Either download the [latest release](https://unpkg.com/in-view/dist/in-view.min.js) and include it in your markup or install with [npm](http://npmjs.com/package/in-view):

```sh
npm install --save in-view
```

---

## Basic Usage

With in-view, you can register handlers that are called when an element **enters** or **exits** the viewport. Each handler receives one element, the one entering or exiting the viewport, as its only argument.

```js
inView('.someSelector')
.on('enter', doSomething)
.on('exit', el => {
el.style.opacity = 0.5;
});
```

---

## API

in-view maintains a separate handler registry for each set of elements captured with `inView()`. Each registry exposes the same four methods. in-view also exposes four top-level methods. (`is`, `offset`, `threshold`, `test`).

### inView(\).on(\, \)
> Register a handler to the elements selected by `selector` for `event`. The only events in-view emits are `'enter'` and `'exit'`.

> ```js
> inView('.someSelector').on('enter', doSomething);
> ```

### inView(\).once(\, \)
> Register a handler to the elements selected by `selector` for `event`. Handlers registered with `once` will only be called once.

> ```js
> inView('.someSelector').once('enter', doSomething);
> ```

### inView.is(\)
> Check if `element` is in the viewport.

> ```js
> inView.is(document.querySelector('.someSelector'));
> // => true
> ```

### inView.offset(\)
> By default, in-view considers something in viewport if it breaks any edge of the viewport. This can be used to set an offset from that edge. For example, an offset of `100` will consider elements in viewport if they break any edge of the viewport by at least `100` pixels. `offset` can be a positive or negative integer.

> ```js
> inView.offset(100);
> inView.offset(-50);
> ```

> Offset can also be set per-direction by passing an object.

> ```js
> inView.offset({
> top: 100,
> right: 75,
> bottom: 50,
> left: 25
> });
> ```

### inView.threshold(\)
> Set the ratio of an element's height **and** width that needs to be visible for it to be considered in viewport. This defaults to `0`, meaning any amount. A threshold of `0.5` or `1` will require that half or all, respectively, of an element's height and width need to be visible. `threshold` must be a number between `0` and `1`.
> ```js
> inView.threshold(0);
> inView.threshold(0.5);
> inView.threshold(1);
> ```

### inView.test(\)
> Override in-view's default visibility criteria with a custom function. This function will receive the element and the options object as its only two arguments. Return `true` when an element should be considered visible and `false` otherwise.
> ```js
> inView.test((el, options) => {
> // ...
> });
> ```

### inView(\).check()
> Manually check the status of the elements selected by `selector`. By default, all registries are checked on `window`'s `scroll`, `resize`, and `load` events.

> ```js
> inView('.someSelector').check();
> ```

### inView(\).emit(\, \)
> Manually emit `event` for any single element.

> ```js
> inView('.someSelector').emit('exit', document.querySelectorAll('.someSelector')[0]);
> ```

---

## Browser Support

**in-view supports all modern browsers and IE9+.**

As a small caveat, in-view utilizes [MutationObserver](https://developer.mozilla.org/en-US/docs/Web/API/MutationObserver) to check the visibility of registered elements after a DOM mutation. If that's functionality you need in IE9-10, consider using a [polyfill](https://github.com/webcomponents/webcomponentsjs/blob/master/src/MutationObserver/MutationObserver.js).

---

## Performance

Any library that watches scroll events runs the risk of degrading page performance. To mitigate this, currently, in-view only registers a single, throttled (maximum once every 100ms) event listener on each of `window`'s `load`, `resize`, and `scroll` events and uses those to run a check on each registry.

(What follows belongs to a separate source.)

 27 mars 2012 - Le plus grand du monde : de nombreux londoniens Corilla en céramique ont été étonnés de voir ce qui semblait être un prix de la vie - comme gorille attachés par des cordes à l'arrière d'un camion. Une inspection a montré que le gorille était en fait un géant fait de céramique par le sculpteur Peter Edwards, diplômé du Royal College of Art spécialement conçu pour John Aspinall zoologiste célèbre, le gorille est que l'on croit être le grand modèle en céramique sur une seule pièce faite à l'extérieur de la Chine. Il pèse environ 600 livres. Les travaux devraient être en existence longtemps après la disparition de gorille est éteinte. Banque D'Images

### Utilizing IntersectionObserver

There's an emerging browser API, [`IntersectionObserver`](https://wicg.github.io/IntersectionObserver/), that aims to provide developers with a performant way to check the visibility of DOM elements. Going forward, in-view will aim to delegate to `IntersectionObserver` when it's supported, falling back to polling only when necessary.